> _WORK REQUIRED_
What is needed is an exact copy of the listing, with no pictures in it.

> _GIVEN MATERIAL_

----------------------------------------

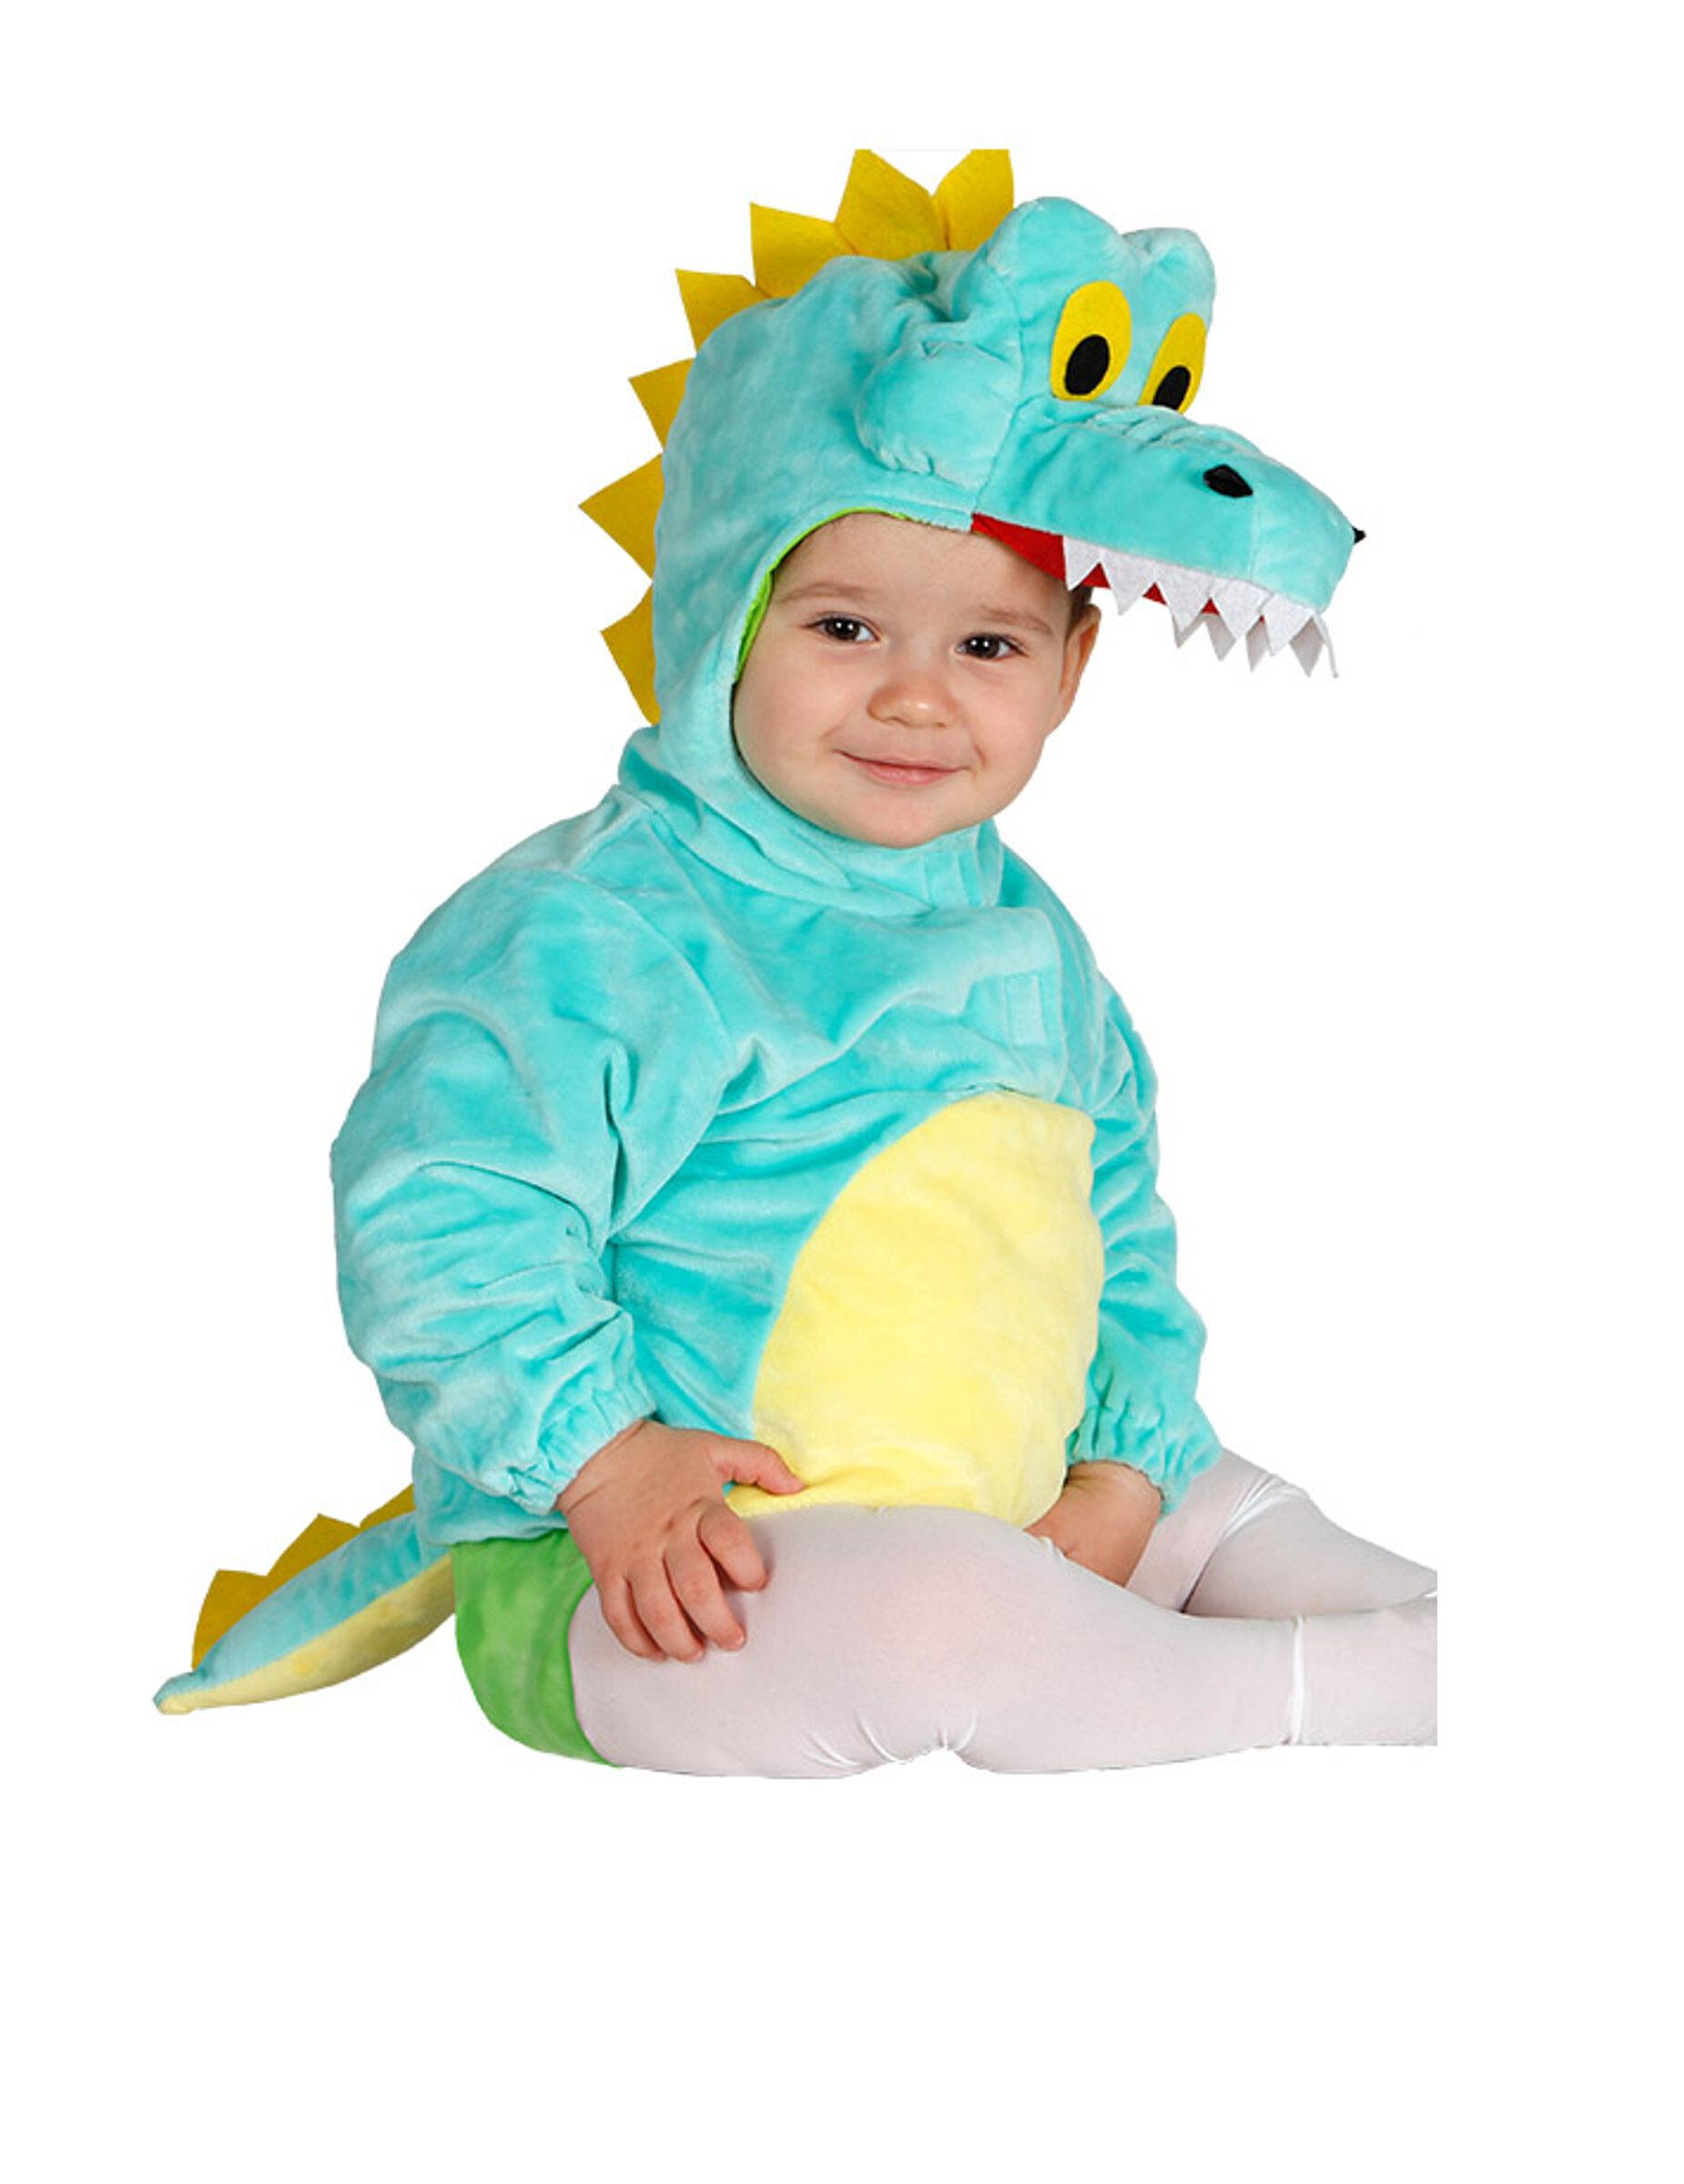 Deguisetoi Déguisement tunique avec capuche crocodile bébé - Taille: 6 à 12 mois (82-83 cm)
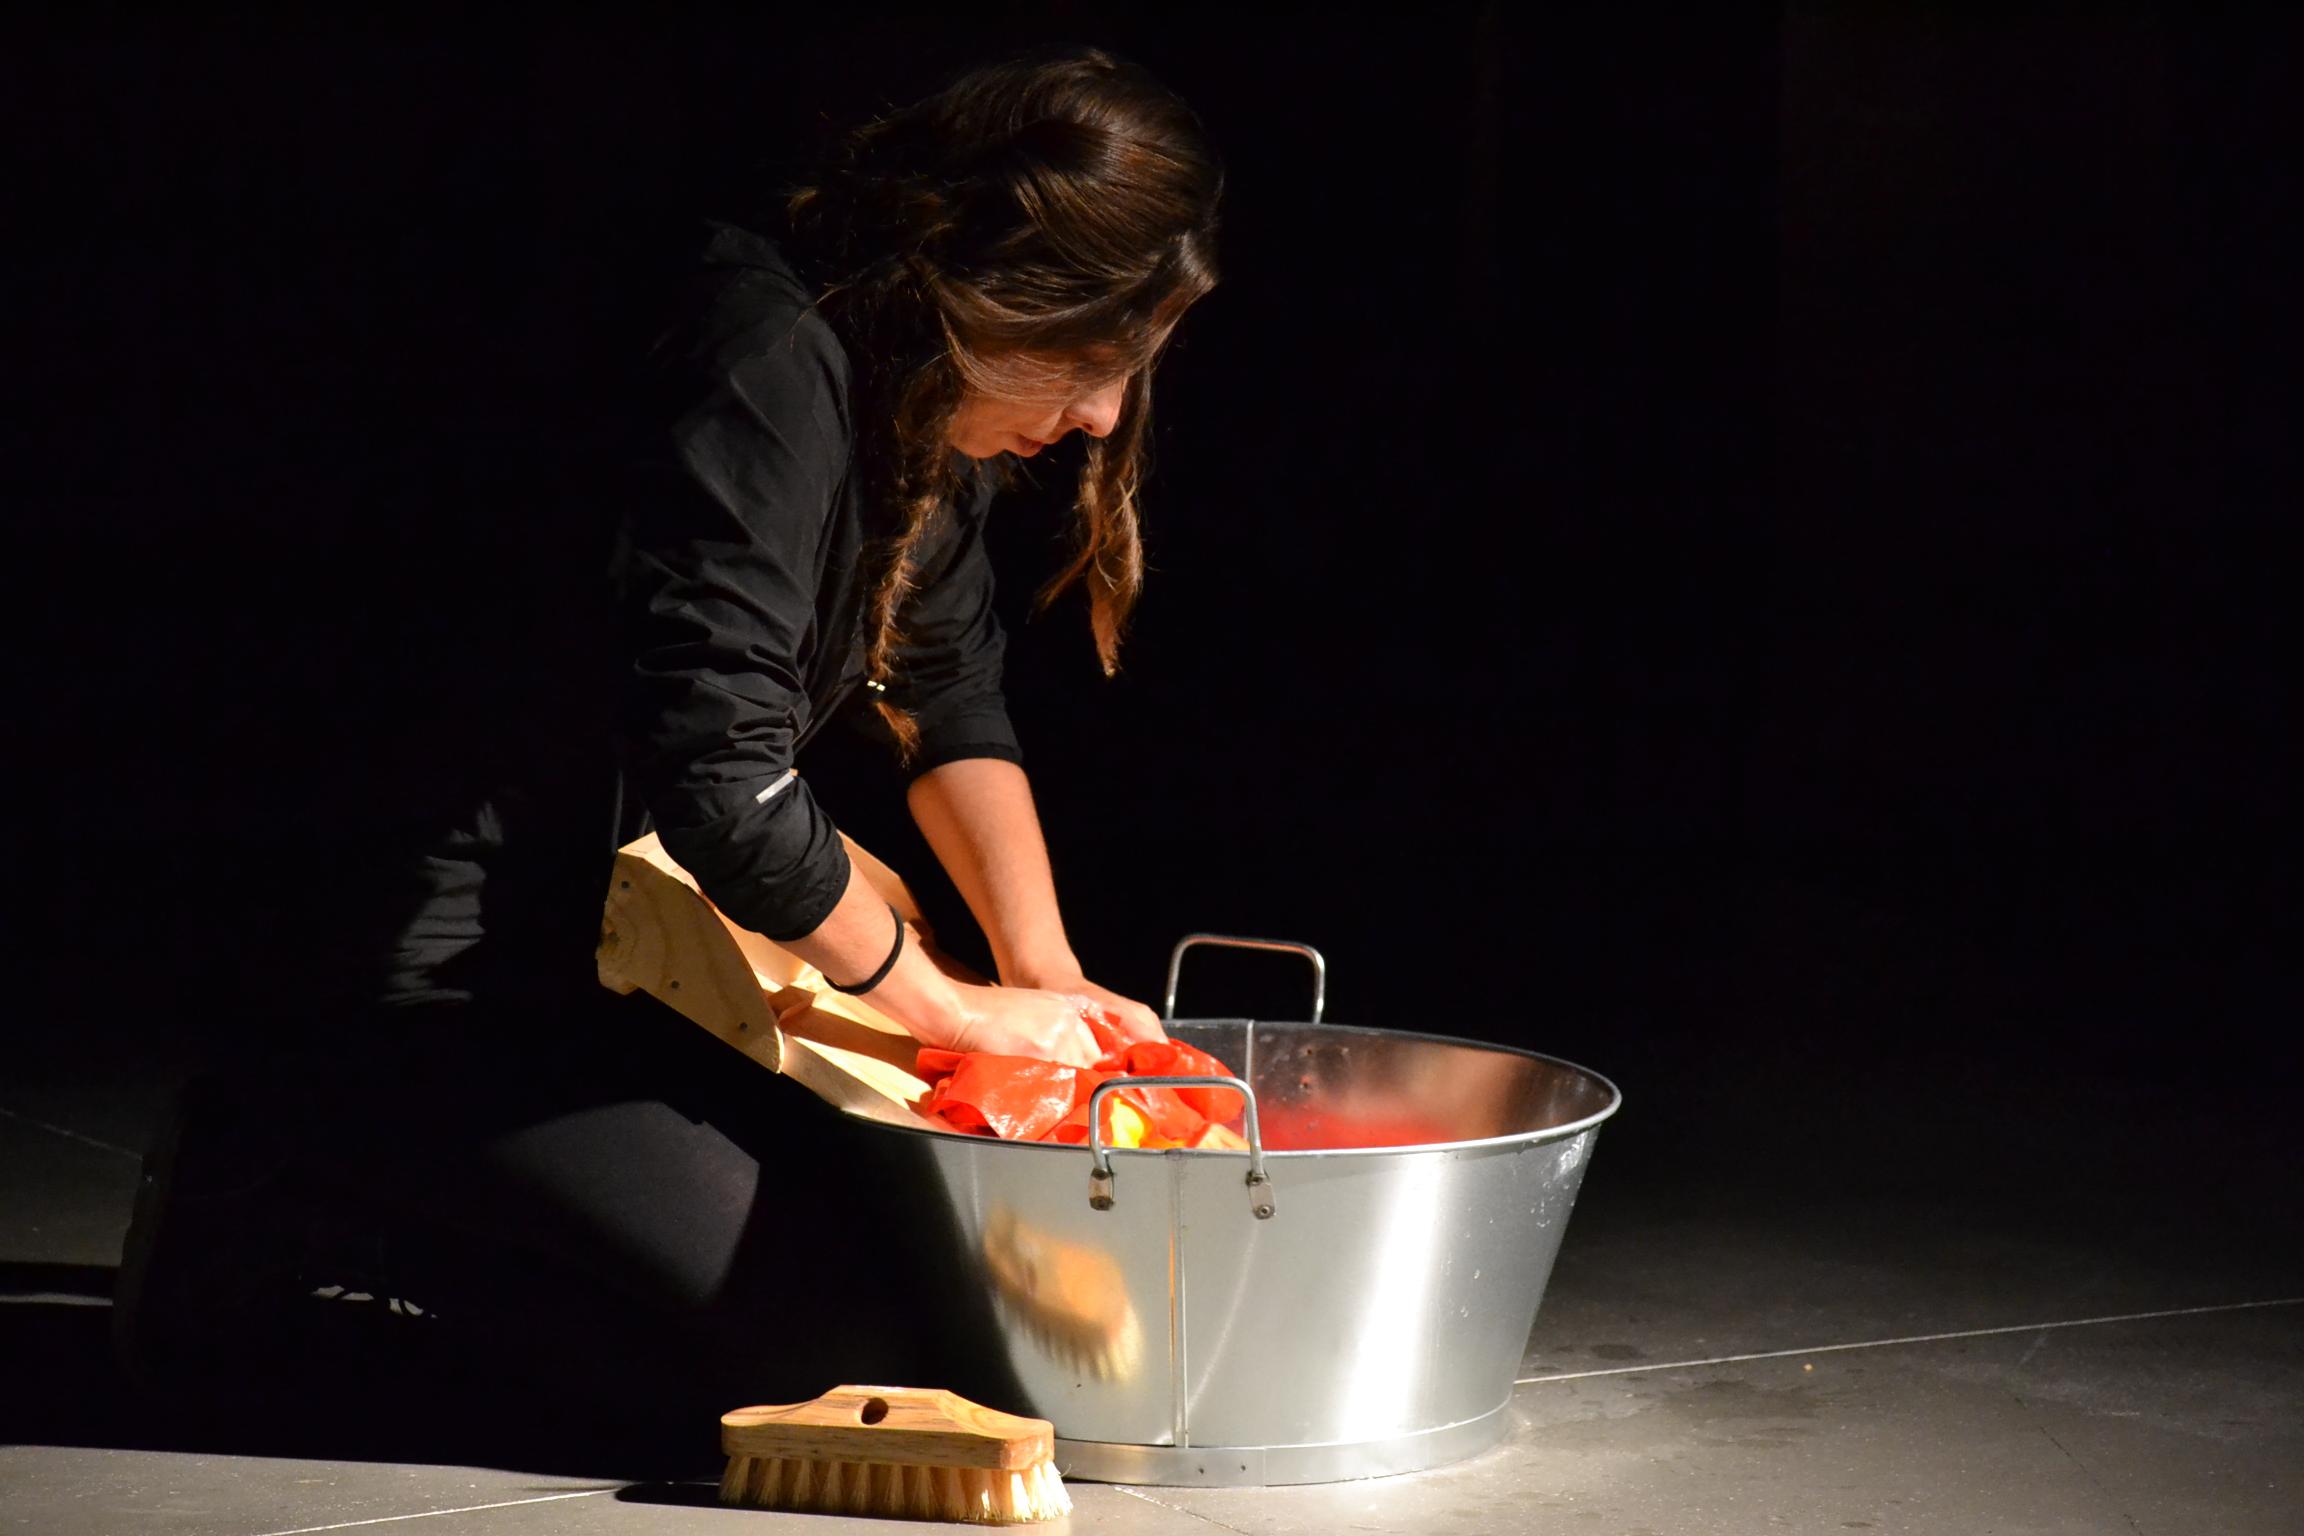 Wash Lies All (2014)/ACCION!MAD Encuentro Internacional de Arte de Acción exhibition at Matadero Madrid, Spain
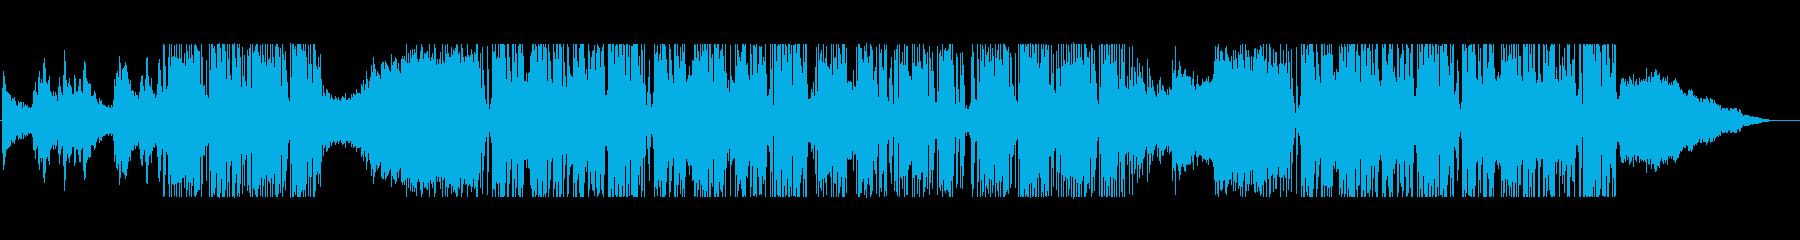 和の雰囲気が特徴的なビートの再生済みの波形

----------------------------------------

> _ANSWER SECTION_
 Deguisetoi Déguisement tunique avec capuche crocodile bébé - Taille: 6 à 12 mois (82-83 cm)
 Wash Lies All (2014)/ACCION!MAD Encuentro Internacional de Arte de Acción exhibition at Matadero Madrid, Spain
 和の雰囲気が特徴的なビートの再生済みの波形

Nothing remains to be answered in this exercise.